Hors mis le GSP, les 7 autres ont été reconnus coupables de détournement de biens publics. Tous ont également plaidé coupables. Cependant, ils précisent ignorer que leurs tiers n’en avaient pas droit. Malgré tout, le procureur a requis contre eux une peine de 12 mois de prison avec sursis et 1 million de francs d’amende avec une contrainte par corps au maximum. Fioro Sama, producteur à Sagala et bénéficiaire d’un bœuf a comparu en tant que témoin. Mais inculpé au finish, au motif qu’il n’avait pas droit. Selon le procureur, la culpabilité du témoin est établie, en ce sens que c’est sur sa demande pressante, que le préfet a fini par accéder à sa requête. Le parquet estime que l’enrichissement illicite est constant. C’est pourquoi, une peine de 12 mois avec sursis et une amende d’un million de francs ont été requises contre l’accusé. Alidou Séguéda, assistant de GSP, reconnaît s’être rendu au mauvais endroit et au mauvais moment. En plus d’être un GSP, il est technicien d’élevage. A ce titre, il prête souvent main forte à ses collègues du service d’élevage. Alors que les agents vaccinateurs étaient débordés, on lui fait appel. Sur permission de sa hiérarchie, il dit s’être rendu à la fourrière et il a aidé à vacciner les animaux. A la fin, on lui propose un bœuf, à condition qu’il utilise un prête nom. L’offre étant alléchante, il n’a pas hésité.
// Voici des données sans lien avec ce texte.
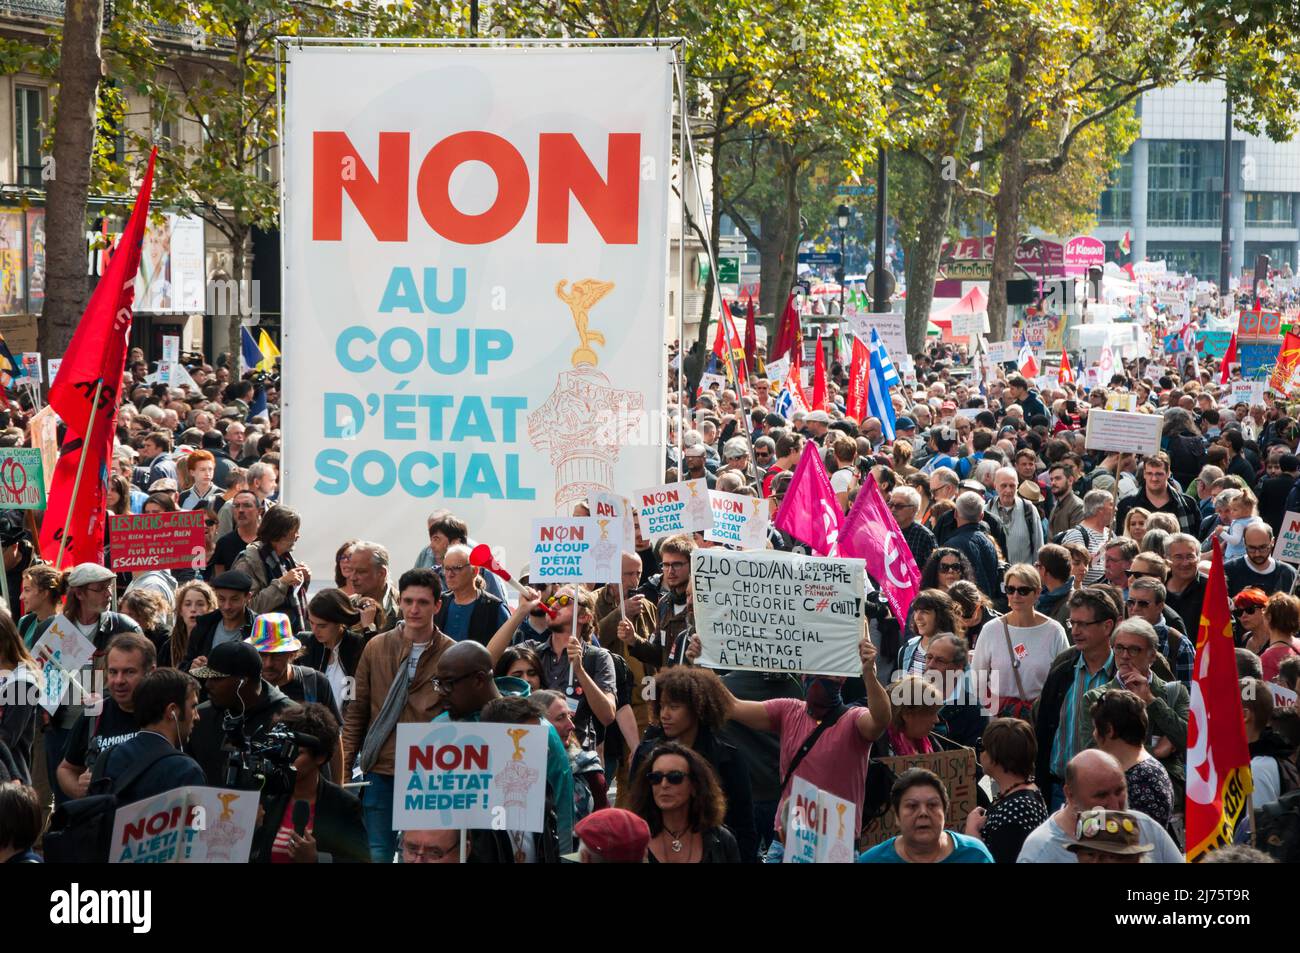 PARÍS, FRANCIA - 23 DE SEPTIEMBRE de 2017 : Demostración organizada por el partido de extrema izquierda 'Les Insoumis' contra las leyes laborales apoyadas por el presidente Macron Foto de stock
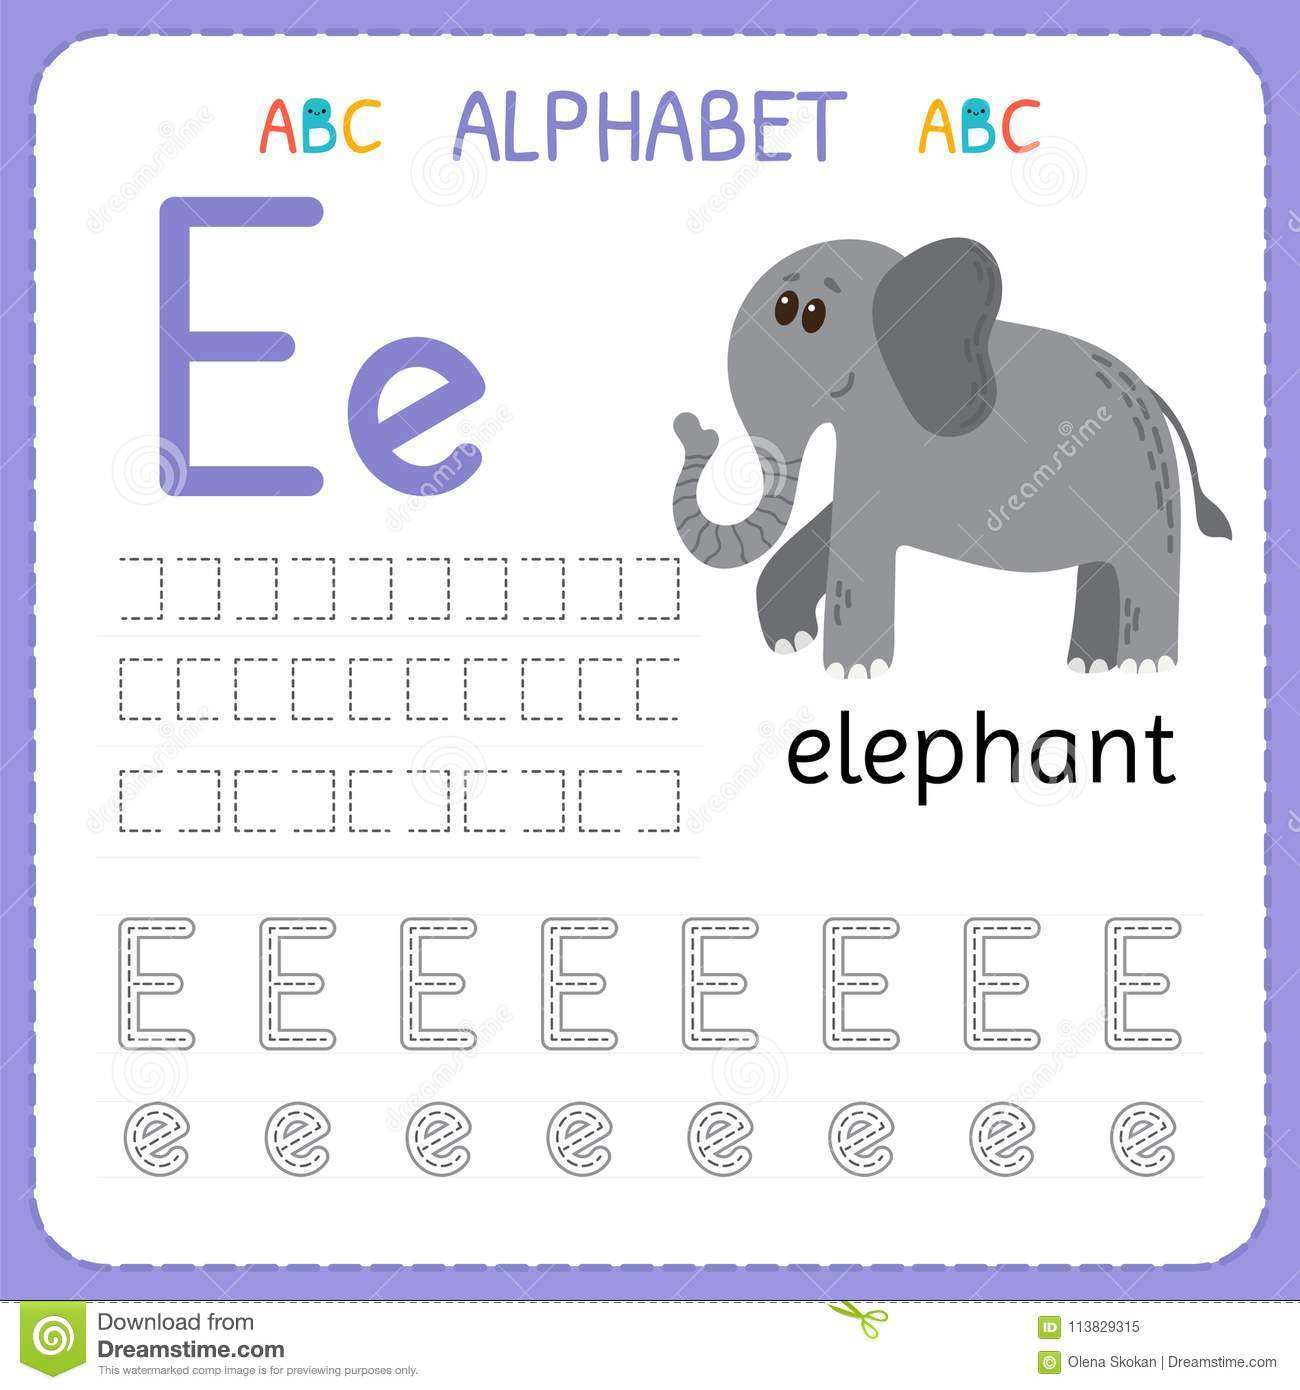 Alphabet Tracing Worksheet For Preschool And Kindergarten in Alphabet Tracing Guide

Le parquet s’est dit convaincu qu’il aurait pu résister à l’offre au regard des conditions exigées. Comme Fioro Sama, Alidou Ségueda a été reconnu coupable d’enrichissement illicite. Et devra purger une peine de 12 mois de prison avec sursis et une amande d’un million de nos francs si le tribunal venait à suivre le parquet.

La restitution des animaux ou leur valeur exigée

L’Etat burkinabè, représenté par le Directeur régional (DR) de l’agriculture de la Boucle du Mouhoun s’est dit outré par ce qui est arrivé. Selon le DR, la situation aurait pu être évitée si la commission avait suivi à la lettre le mécanisme de distribution. D’après son récit, les animaux sont destinés aux producteurs et productrices actifs issus des couches vulnérables, avec priorité aux femmes. Mieux, la liste des bénéficiaires devrait être connue et communiquer avant l’arrivée des animaux. Toujours selon DR, l’Etat consent d’énormes sacrifices chaque année pour aider à améliorer la productivité et le rendement des petits exploitants agricoles. Il a souhaité que les bœufs dissipés ou leur valeur à savoir 250 000F soient restitués aux bénéficiaires légaux. Tout en prenant acte des réquisitions du parquet et de la constitution de la partie civile, le tribunal a mis le dossier en délibéré pour le 4 mars prochain. A noter que les débats, débutés à 16h 15 ont pris fin à 0h 25 soit plus de 8 h d’horloge. Malgré la chaleur, la soif et la fatigue, la salle est restée bondée de monde jusqu’à la fin. En rappel, c’est courant octobre 2018 que le département de Dédougou a reçu 56 bœufs. Pour rendre efficace la subvention de l’Etat, 4 pôles ont été créés. Les intrants, équipements agricoles et bœufs de trait sont distribués de façon rotative. En 2018, c’est au tour des 10 villages de la zone de Soukuy de recevoir les 56 bœufs. Chaque bénéficiaire femme devrait contribuer à hauteur de 25 000F contre 37 500F pour les hommes.